The LDML spec Collation Settings table says for the kk=normalization attribute: "If off, then all strings that are in [FCD] will sort correctly"
This is not quite true. If a string (FCD or not) contains one of the Tibetan precomposed vowels (U+0F73, U+0F75 or U+0F81), then the precomposed vowel must be decomposed or such a string might not sort correctly. The problem is that any contraction with the second part of the vowel decomposition needs to skip the first part. (Discontiguous contraction matching: UCA algorithm S2.1.1-S2.1.3) The DUCET itself has such contractions: The precomposed vowels’ decompositions themselves.
Suggestion: Change the normalization attribute spec to say "If off, then all strings that are in [FCD] and do not contain U+0F73 nor U+0F75 nor U+0F81 will sort correctly"
We might need to add U+0344 to this list.
Richard Wordingham provided an example today on the unicode list ("FCD and Collation") where U+0344 COMBINING GREEK DIALYTIKA TONOS, which is equivalent to <0308 0301> (both ccc=230), can also cause incorrect results despite FCD input.

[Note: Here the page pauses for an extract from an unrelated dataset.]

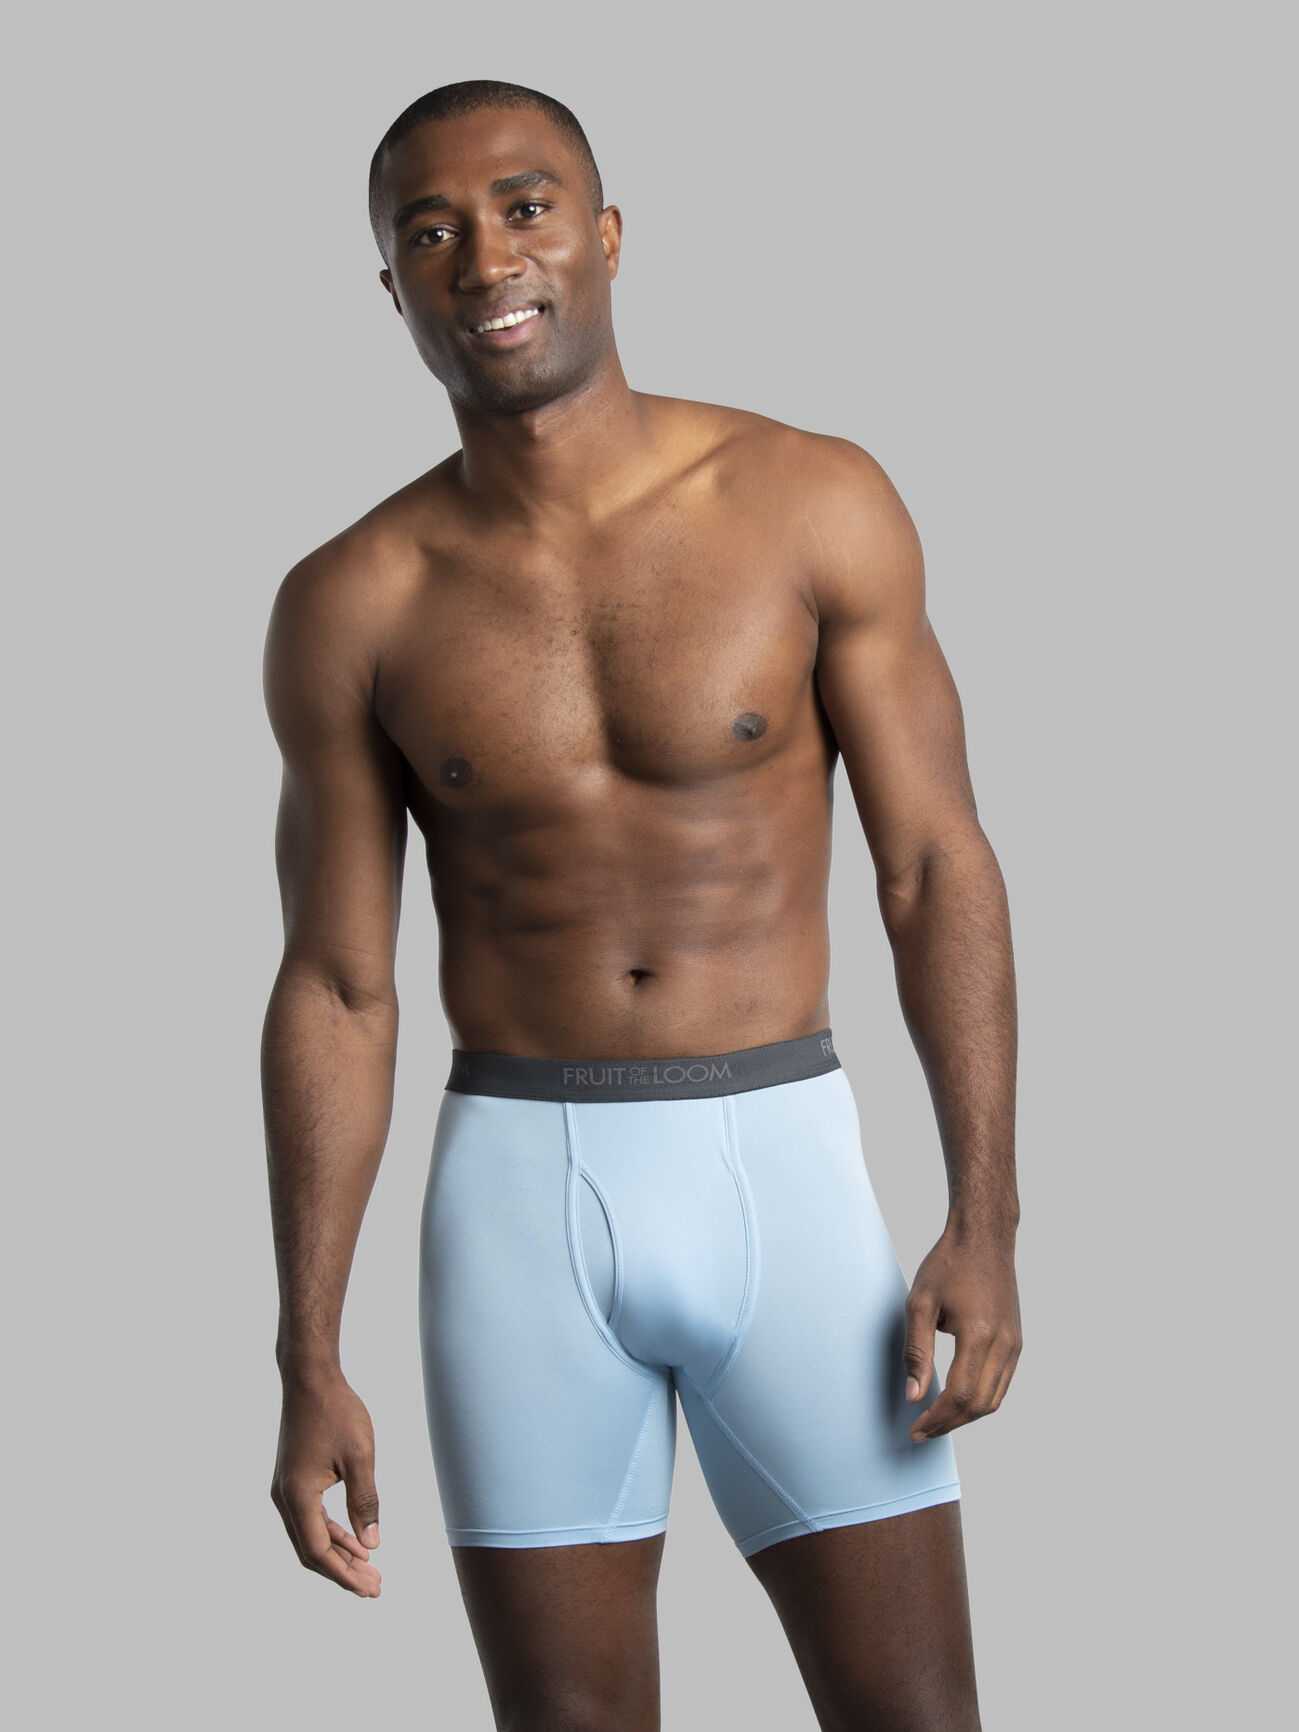 Mens Underwear Can Be Cheap - But Should They Be?

Consider a tailoring with contractions 03B1+0308 and 0301+0345.
Assume a builder that adds further contractions to cover overlaps between contractions and decompositions. It would add 03B1+0344, 03B1+0344+0345 and 0344+0345.
Input string: 03B1 0359 0344 0345 (with U+0359 COMBINING ASTERISK BELOW as an example for any character with ccc<230) processed via discontiguous-contraction matching as 03B1+0344+0345, 0359
... but when processing the NFD form 03B1 0359 0308 0301 0345 we get 03B1+0308, 0359, 0301+0345 – note the different position of the 0359.
The full set of problematic characters appears to be `
` (link to Mark's demo) == `[\u0344\u0F73\u0F75\u0F81]`.
(I am copying this text into as well.)